I've finally obtained a permanent job which I've started last Monday and so can satisfy the job requirement in obtaining my own apartment. However, many still ask for a credit report in which I don't have any credit history in Canada. 

I have yet been able to obtain a Credit Card, because I hadn't had a job til now and even that I'm still awaiting approval with a bank I just inquired with. 

How else may I be able to obtain my own apartment without a credit history? Is it possible? 

Would appreciate all your suggestions!! 

Thanks!


----------



## nmreich (Feb 16, 2009)

lustique said:


> Hi guys,
> 
> Just wondering if you can help out - I'm sure this is a common problem among expats in Canada.
> 
> ...


I recently rented a house in Waterloo, Ontario with no credit report. The property manager is just a one person company and she didn't do much "due diligence" on me. For example I told her how much money I have in my Canadian bank and she said "Ok, you're fine". I didn't have to give her a bank statement or anything like that. However, she does require all 12 months of rent cheques pre-dated for each month - but since I don't have any cheques at the moment (starter cheques only), I'm paying month-to-month. I don't have a job in Canada yet though. 

So all that to say... if they are hard-balling you, then shop around for different property managers. It also may depend where you are looking; for example Waterloo is a small city compared to Toronto or Vancouver and small cities may be easier.


----------



## Newbie_Can_USA (Jan 17, 2009)

Lustique,

Not sure how you are searching but I think the key is to establish a rapport and some form of communication with the landlord. I think individual owners would be more flexible Vs. companies that are in the business of renting apartments. Sites id look for individuals that rent their apartments are: 
viewit.ca
craigslist.org

Shoot back with any questions. I arrived here a month back, dont have a CDN credit card (have a US one that I still use) and dont have a D. License, no job yet, zero credit history as they dont look at the US credit bureaus in most cases but (touchwood) I have been able to rent an apartment. My bank has applied for a cr card for me but its in the process as well.

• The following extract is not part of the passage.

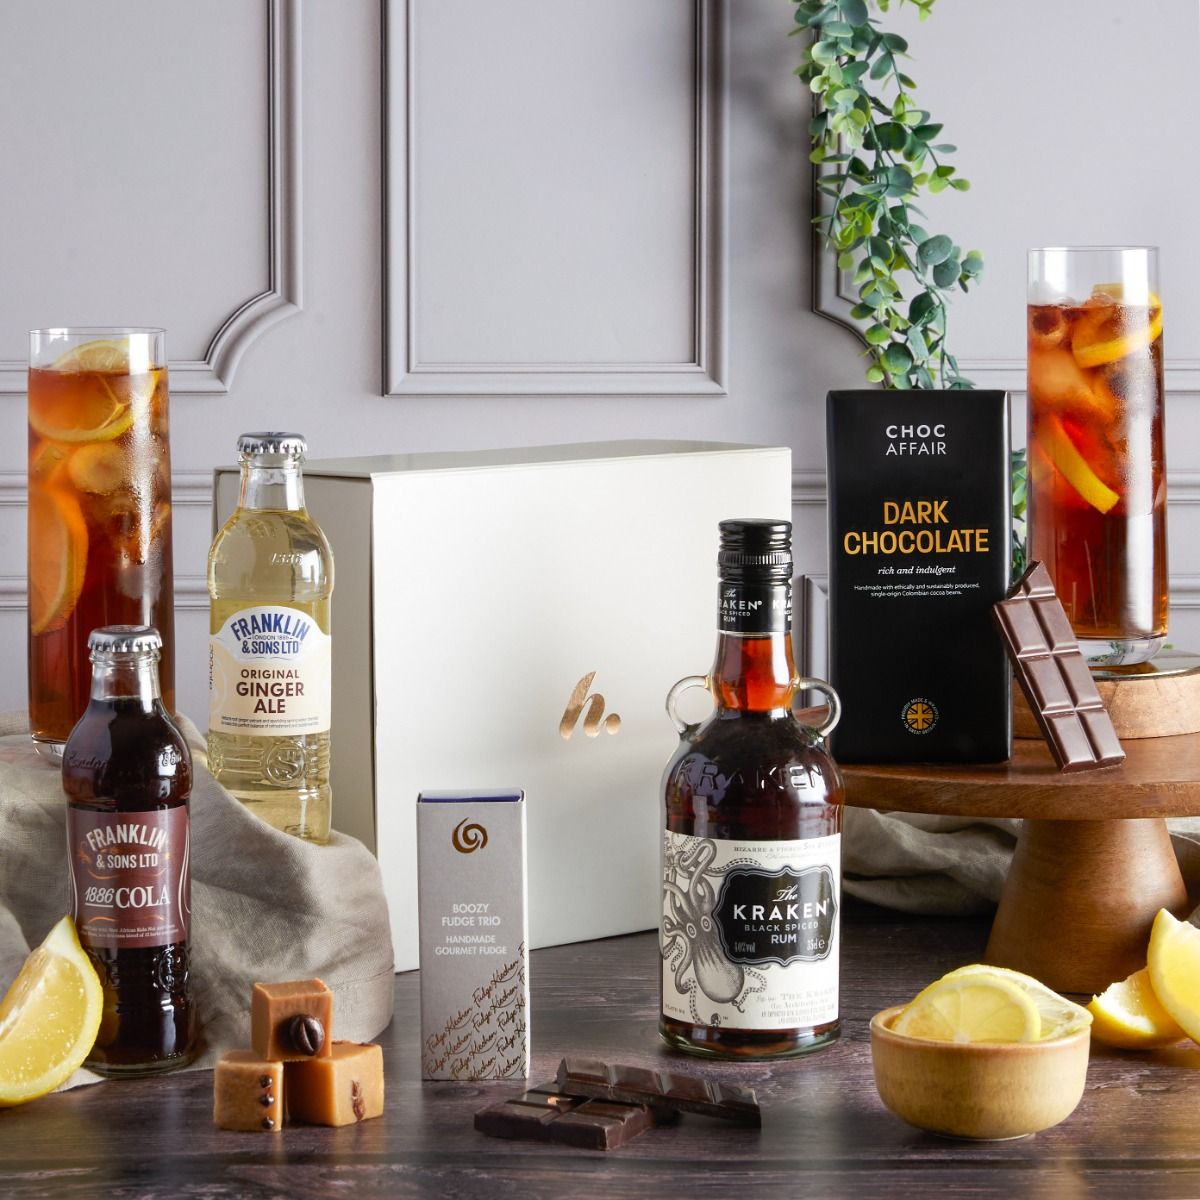 The Kraken Spiced Rum & Chocolate Gift with contents on display as a father's day gift idea

Some may require you to pay an additional security deposit since you dont have a credit history (refundable id say).


----------



## lustique (Jun 5, 2008)

Thanks guys for your help!! I'll just keep on searching and hopefully I can find someone who I can gain trust with.

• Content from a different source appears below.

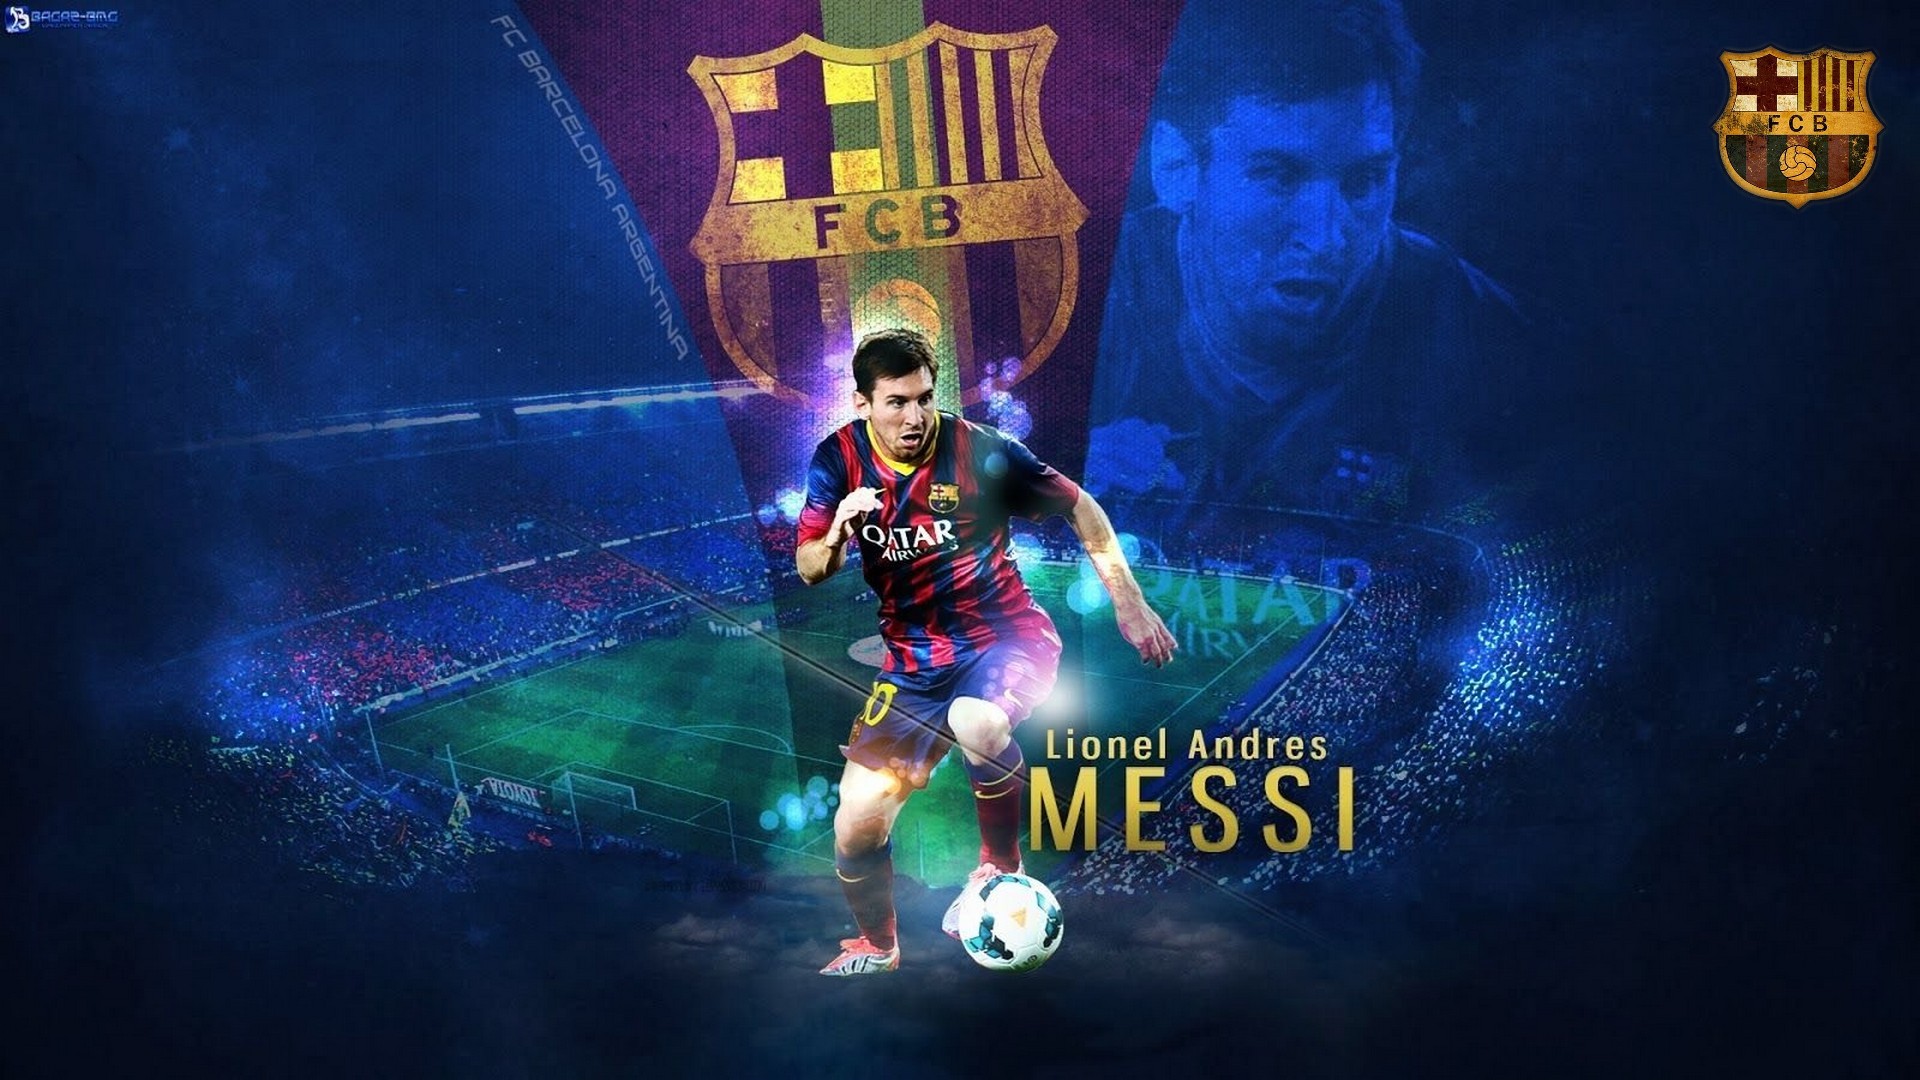 Windows Wallpaper Lionel Messi With Resolution 1920X1080 pixel. You can make this wallpaper for your Mac or Windows Desktop Background, iPhone, Android or Tablet and another Smartphone device for free

It turns out I wasn't even able to get a bank account at HSBC because I need a credit history! Weird?? Sigh, very painstaking..


----------



## Newbie_Can_USA (Jan 17, 2009)

Thats funny. I was able to open my account without a credit history (with BMO). I also applied for a credit card by putting 125% cash as collateral. They told me that theyd release the collateral after 6 months depending on the activity and performance of payments etc. 

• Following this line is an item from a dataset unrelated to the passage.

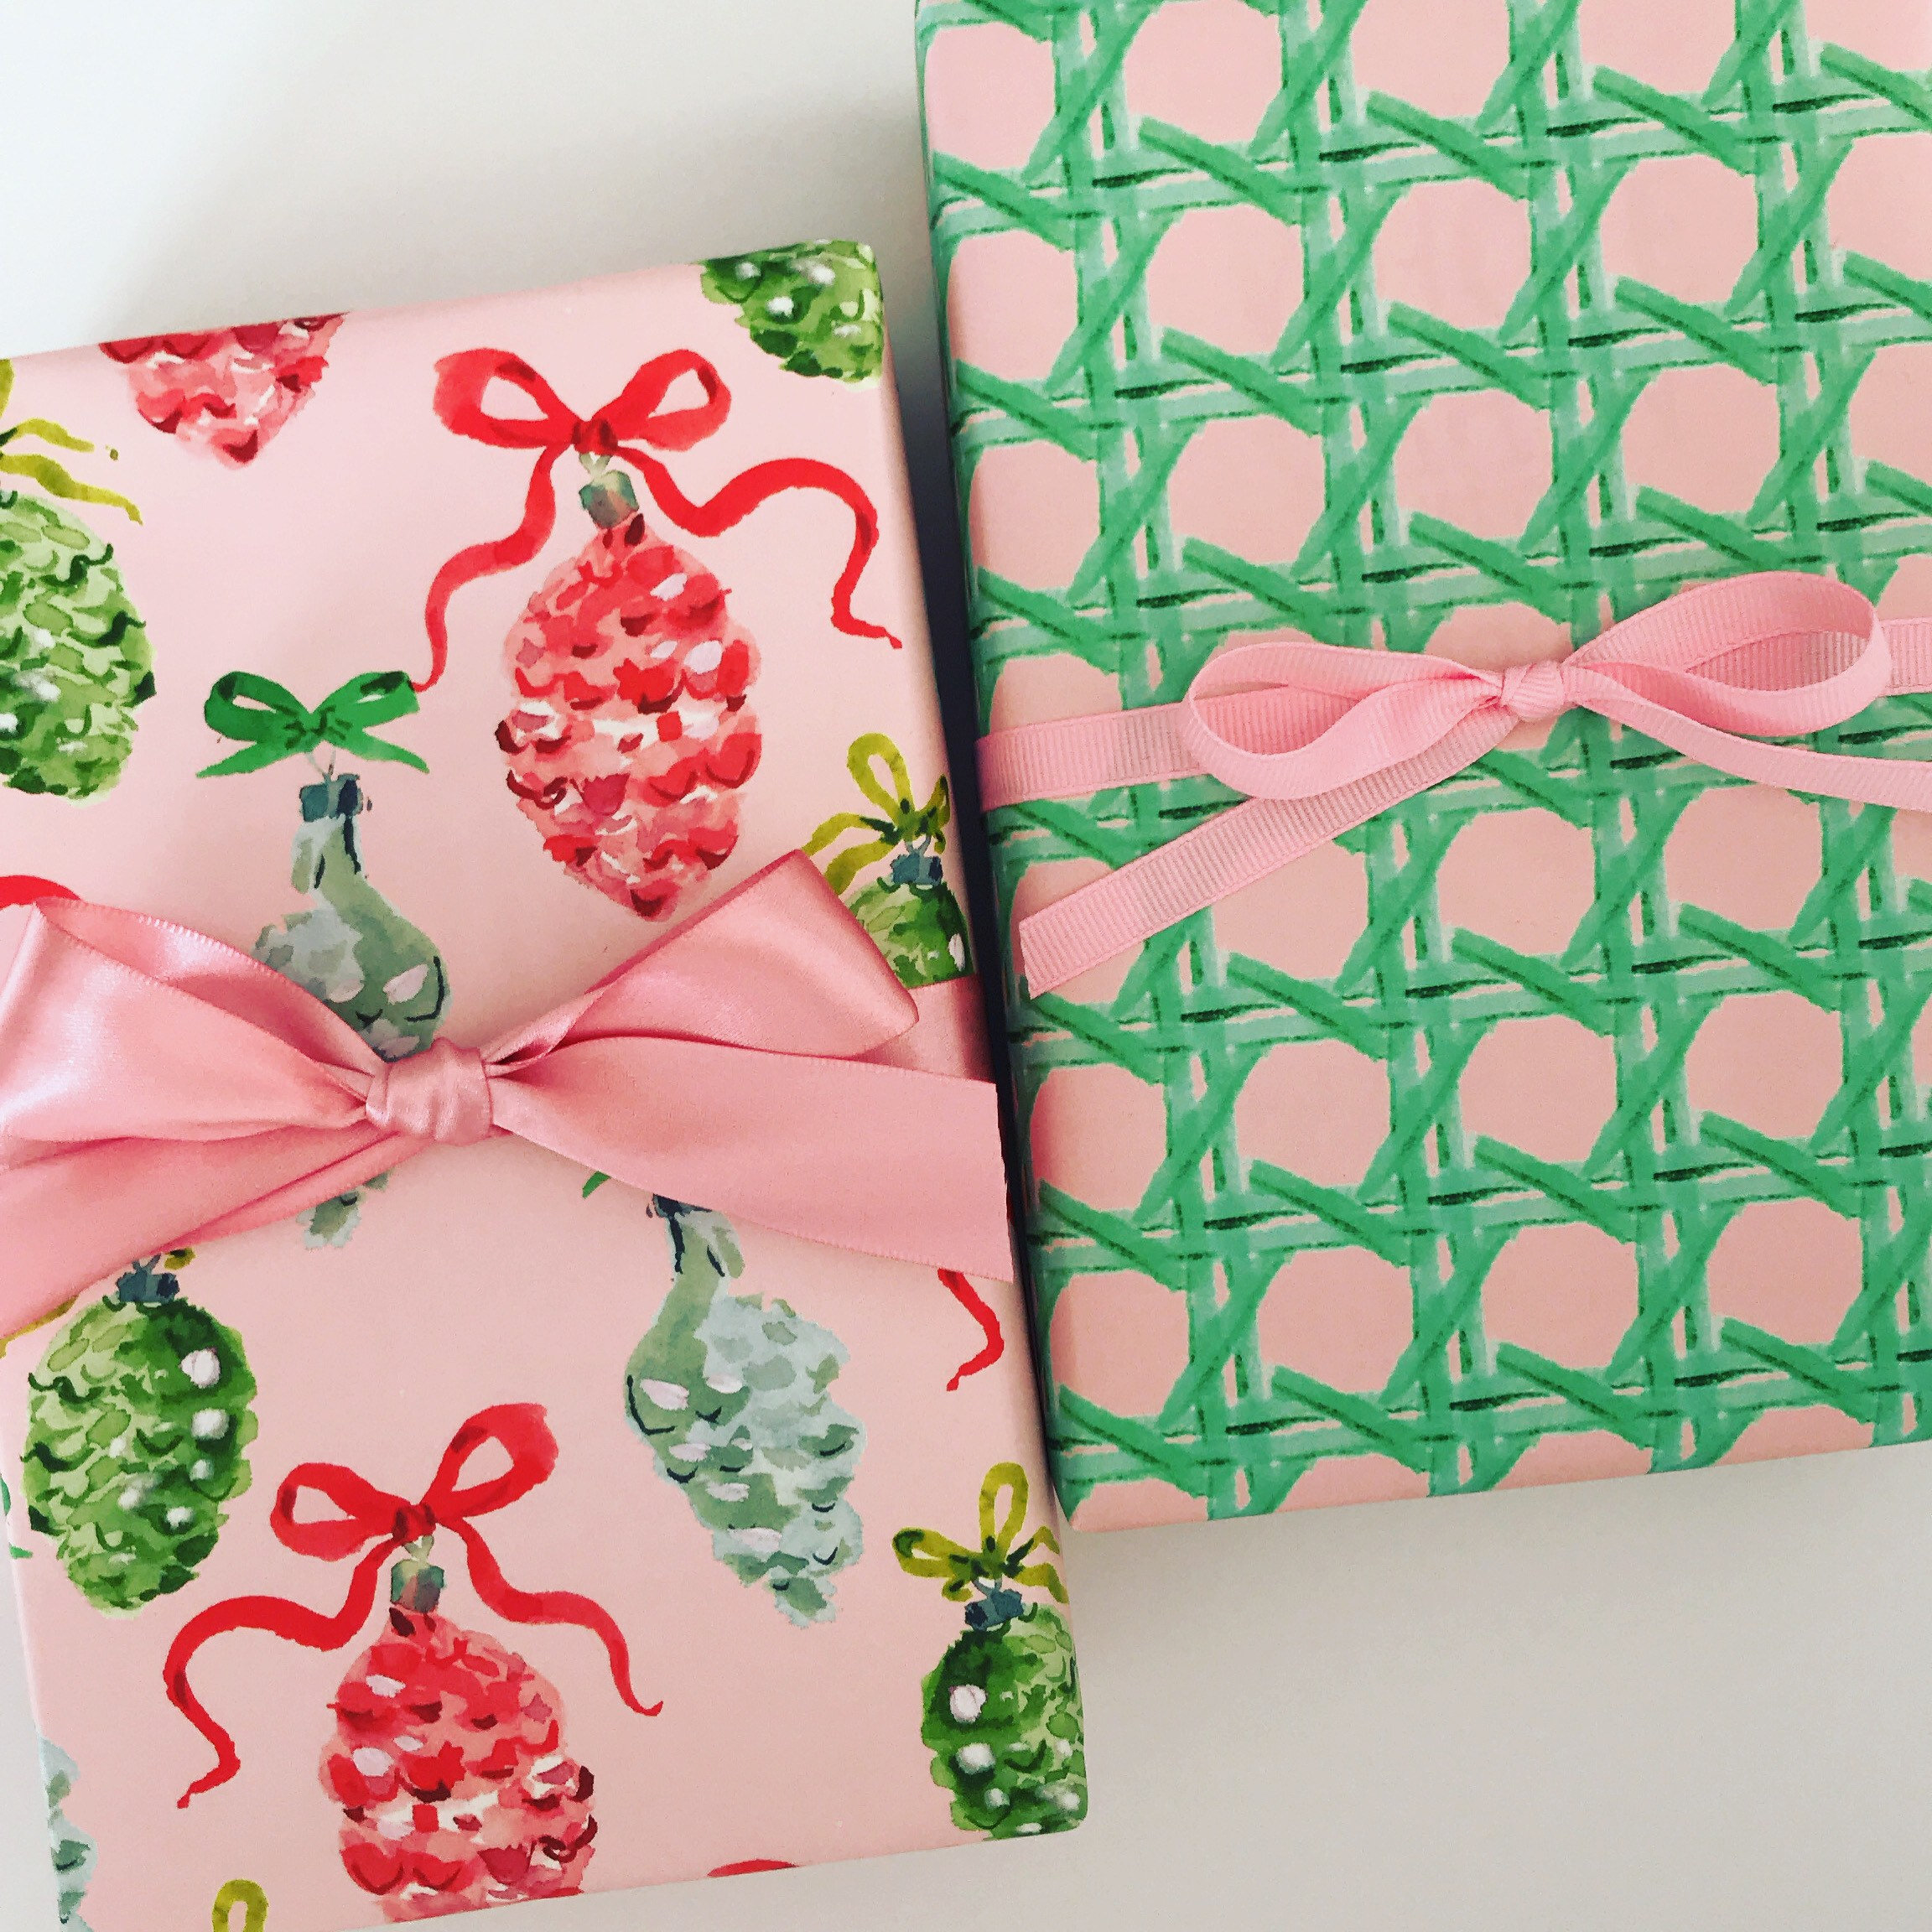 Pink Retro Christmas Wrapping Paper, Pink Floral Christmas Gift

Try BMO. I can ask the person I am dealing with if you are in Toronto so you can maybe get a contact that can help you.

Good Luck.

P.S. I do have a minimum 7 day hold for any checks written on my account and a 30 day hold for any US denominated checks which in todays world is a REALLY LONG time for a hold. But it is what it is.


----------



## lustique (Jun 5, 2008)

Thanks! Alright, I'll try BMO. I went with HSBC because I work in the building! 

Man, I hate those holds. I have that 7-day hold with my PC Financial account on any deposits I make, but then I also have a $200/day limit... Very annoying. 

Thank you!


----------